[Bug] function 'get_table_names' in the python client returns incorrect results
BruceWong96 opened this issue · 5 comments
Code of Conduct
- I agree to follow this project's Code of Conduct
Search before asking
- I have searched in the issues and found no similar issues.
Describe the bug
Hi,
I encountered the problem in the above image when I tried to connect Kyuubi with Superset.
The table structure and table name are incorrect, and appear to return a schema.
It's not what I want.
Affects Version(s)
master
Kyuubi Server Log Output
No response
Kyuubi Engine Log Output
No response
Kyuubi Server Configurations
default
Kyuubi Engine Configurations
No response
Additional context
No response
Are you willing to submit PR?
- Yes. I would be willing to submit a PR with guidance from the Kyuubi community to fix.
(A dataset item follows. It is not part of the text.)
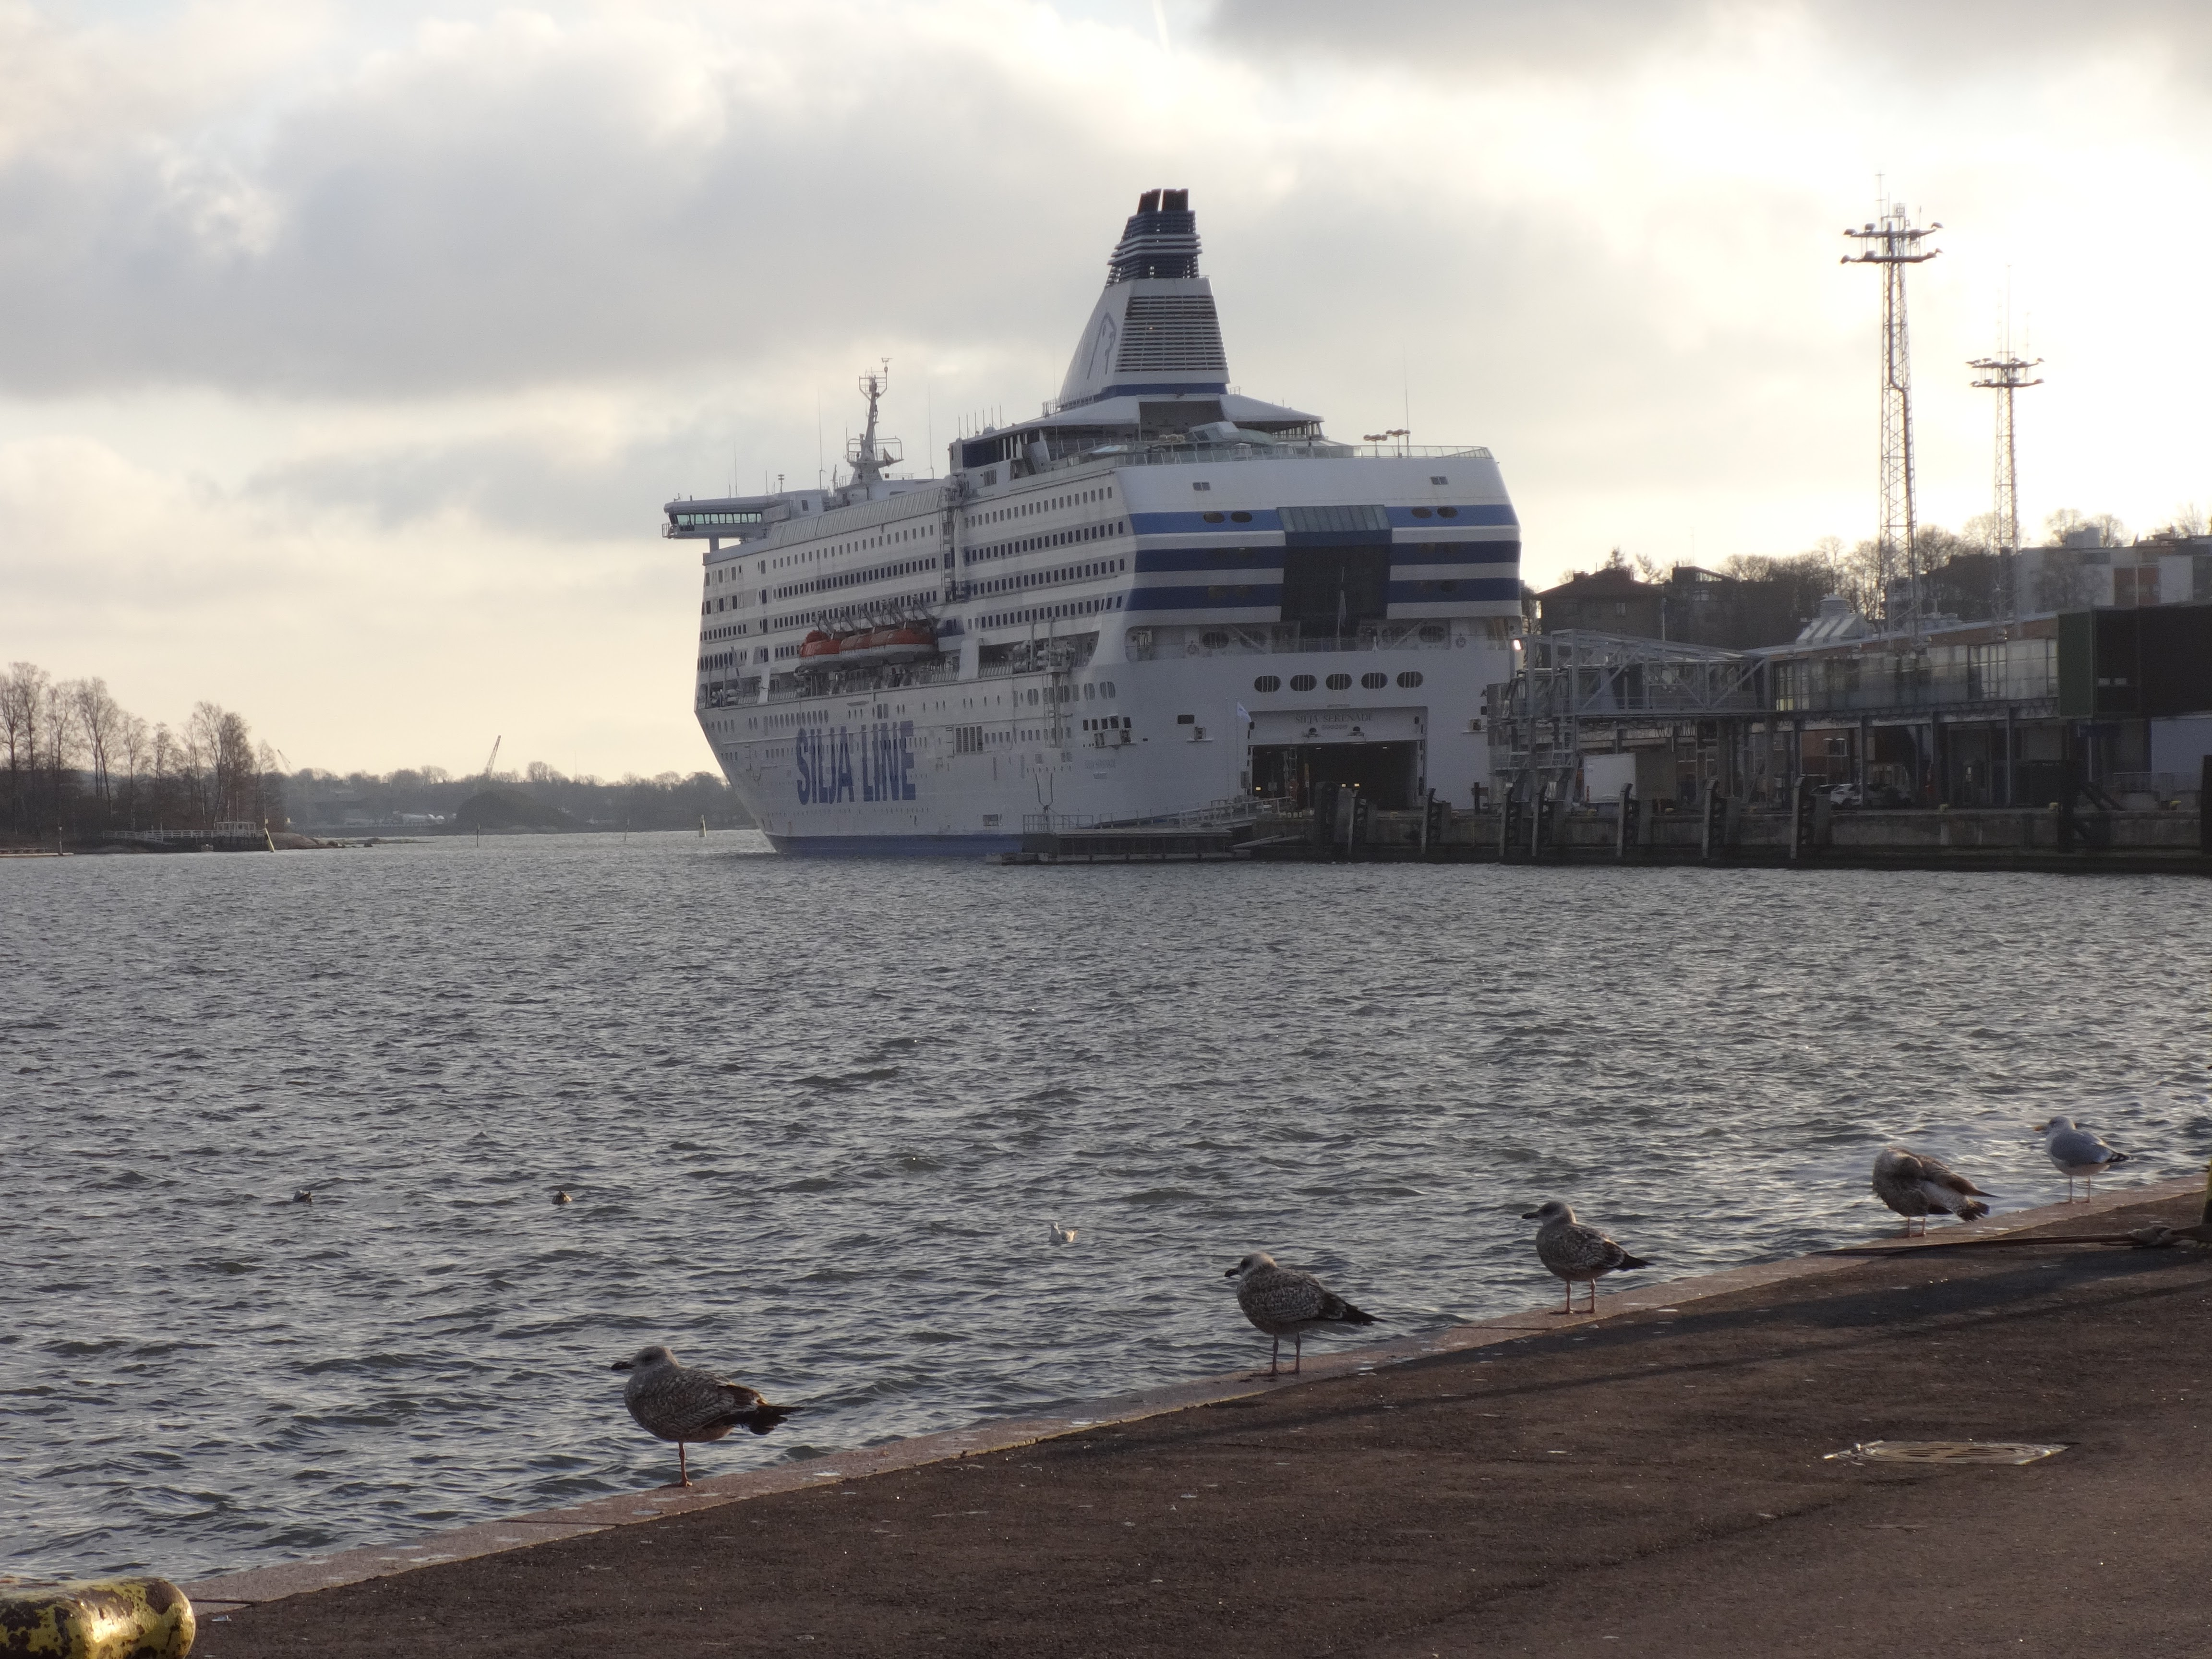 Silja Line and Birds View
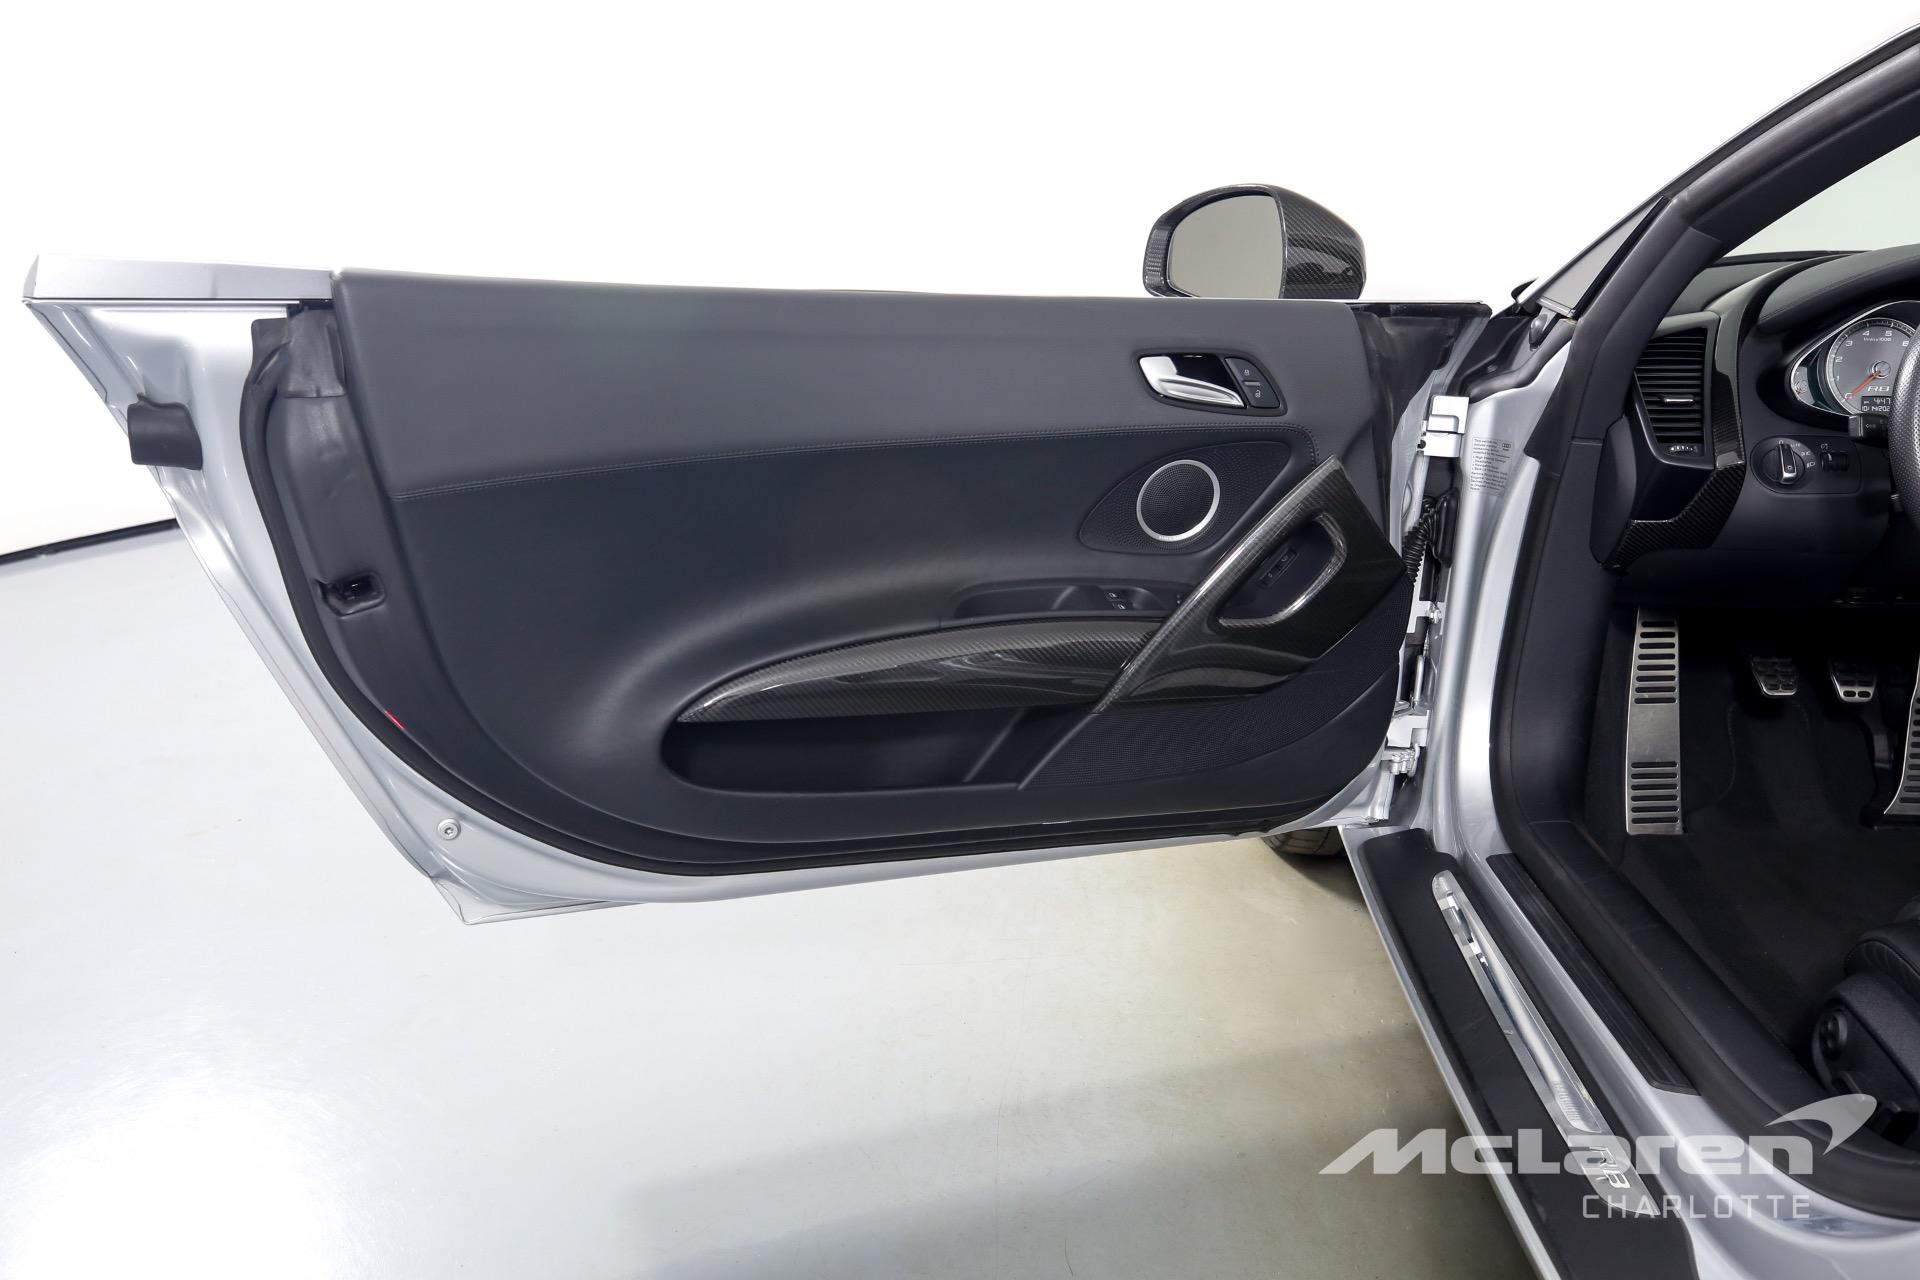 Used 2011 Audi R8 4.2 quattro Spyder   Charlotte, NC

- No. I cannot submit a PR at this time.
Hello @BruceWong96,
Thanks for finding the time to report the issue!
We really appreciate the community's efforts to improve Apache Kyuubi.
After my investigation, I found the bug and solution.
The function get_table_names returns an incorrect value.
Here are my test code :
from sqlalchemy import *
from sqlalchemy.engine import create_engine
engine = create_engine('hive://apache@10.183.4.93:10009/default')
with engine.connect() as con:
result = con.execute(text("show tables in default"))
rows = result.fetchall()
print("show tables in default :")
print(rows)
print("-----------------------")
print("result of row[0] :")
for row in rows:
print(row[0])
print("-----------------------")
print("result of row[1] :")
for row in rows:
print(row[1])
Here are my test results:
show tables in default :
[('default', 'employees', False), ('default', 'student', False), ('default', 'student_scores', False)]
-----------------------
result of row[0] :
default
default
default
-----------------------
result of row[1] :
employees
student
student_scores
According to the above tests
The correct return value is
return [row[1] for row in connection.execute(text(query))]
Some new discoveries have been made.
The following code is used to connect to hive directly.
return [row[0] for row in connection.execute(text(query))]
Because The following value is returned when the Hive is connected.
show tables in default :
[('student',), ('student_scores',)]
The following code is used to connect to Kyuubi.
return [row[1] for row in connection.execute(text(query))]
Because The following value is returned when the Kyuubi is connected.
show tables in default :
[('default', 'employees', False), ('default', 'student', False), ('default', 'student_scores', False)]
So, for the difference in return value, I modified the code, see PR for details.
And I test them in Superset. The code works.